Our final stop was at a home of a traditional Navajo woman who spoke no English. We visited this widow for almost an hour. She explained to Nick that although she was not gaamalii (Mormon), she still sent her children to Primary and Sunday School and that two of her girls wanted to go on the Church Indian Placement Program. She used to attend Sunday School and sacrament meeting every week herself, but as three of her children died one after the other, she quit going to Church.

However, in her smiling way, she invited us back and told us we could teach her and the remaining members of her family the gospel. As we left her, Nick explained the whole conversation in English.

“This is why the Lord has called me to be a stake missionary,” he said, his black eyes shining. “For years the adversary has preyed upon these people. They blame it on the Lord and his Church when their sheep fall victim to predators or when their children pass away. I can explain to them that when they experience hardships, Satan tries to deceive them into thinking it is the Church’s fault. I can teach them the truth about the Lord and his love for the Lamanite people. I live with them as a neighbor and friend and they will understand me. I am so happy to serve my people as a missionary.”

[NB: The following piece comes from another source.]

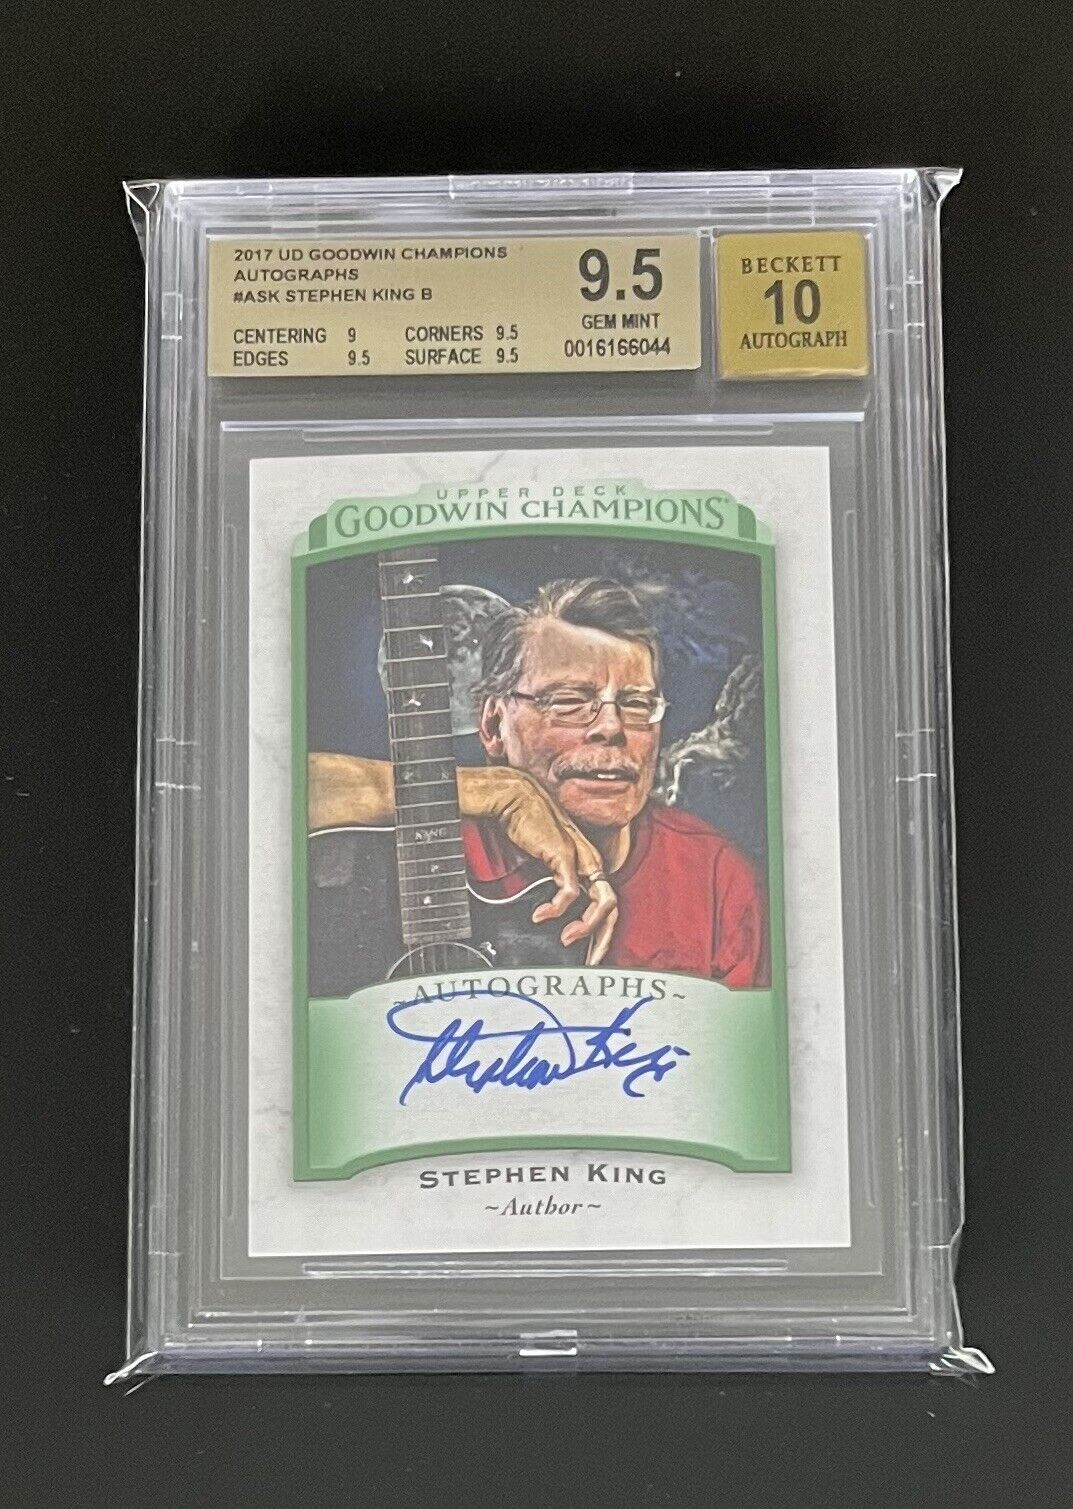 2017 UD Goodwin Champions STEPHEN KING On Card Autograph SP BGS 9.5 / 10 Gem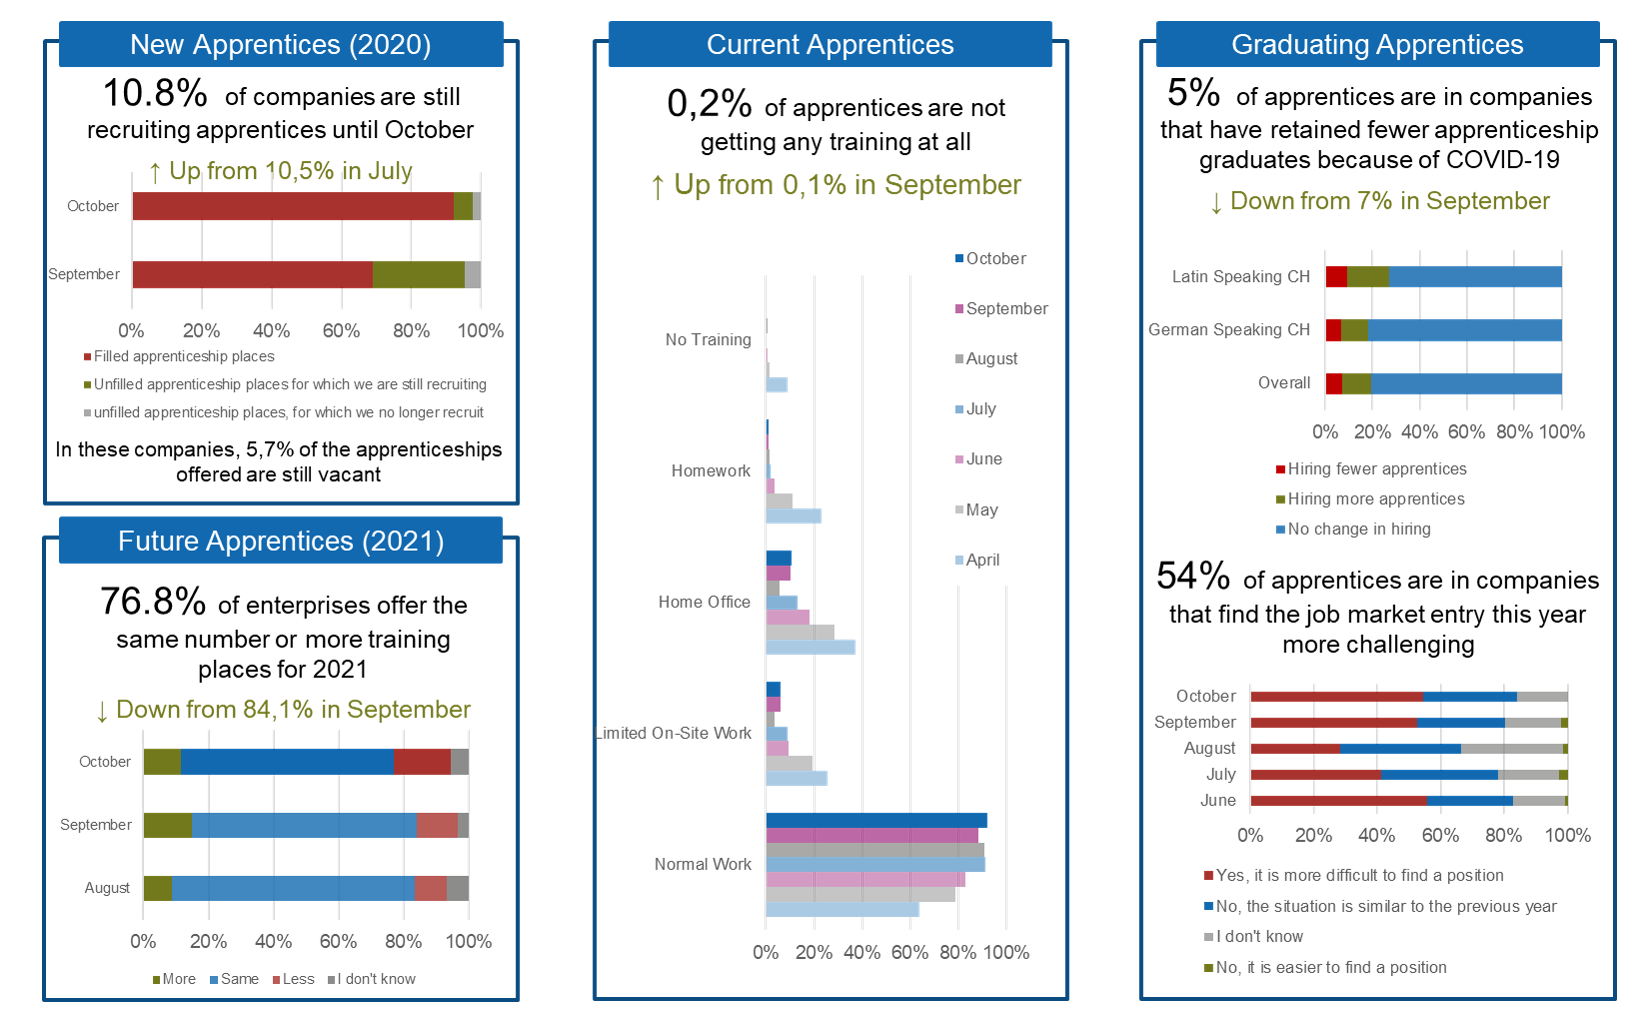 Enlarged view: The Pulse of Apprentices in October 2020 – Main Points

In the weeks that followed Nick’s first Sunday as a stake missionary, our efforts intensified and our teaching opportunities multiplied. Nick and I were able to get into a lot of homes that had been closed to me and my previous companion. Within six months, nine people had been baptized. When Nick spoke of the gospel with his people, they listened and understood and their hearts were touched. They sensed and responded to his Christlike love and acceptance.

Not long after we began working together, Nick found a beautiful, secluded spot in the sandstone canyons near his home. In a box canyon virtually untouched by human influence, we knelt in supplication each Sunday as we began our missionary efforts. Here we expressed our gratitude for the opportunity to work among the Navajo people in the Mexican Hat-Monument Valley area. We implored the Lord’s aid that our meager, though determined, efforts would make a difference for the better.

There have been times Nick has wept for the plight of his people. Once as he was relating to me some of the problems and temptations necessary for the Lamanites to overcome, he cut his comment short, looked at me, and said, “You should be an Indian.”

I felt I could have received no finer compliment or expression of confidence. Or so I thought until the following week when Nick, speaking in Sunday School, said, “I love and appreciate my companion. I feel that he is truly my brother—a blood brother.”

Can there be a greater work on the face of the earth, when souls engaged in the cause of building the Lord’s kingdom are so beautifully intertwined?

  • Steven B. Watrous, father of five, serves as executive secretary in the Monroe Utah Stake.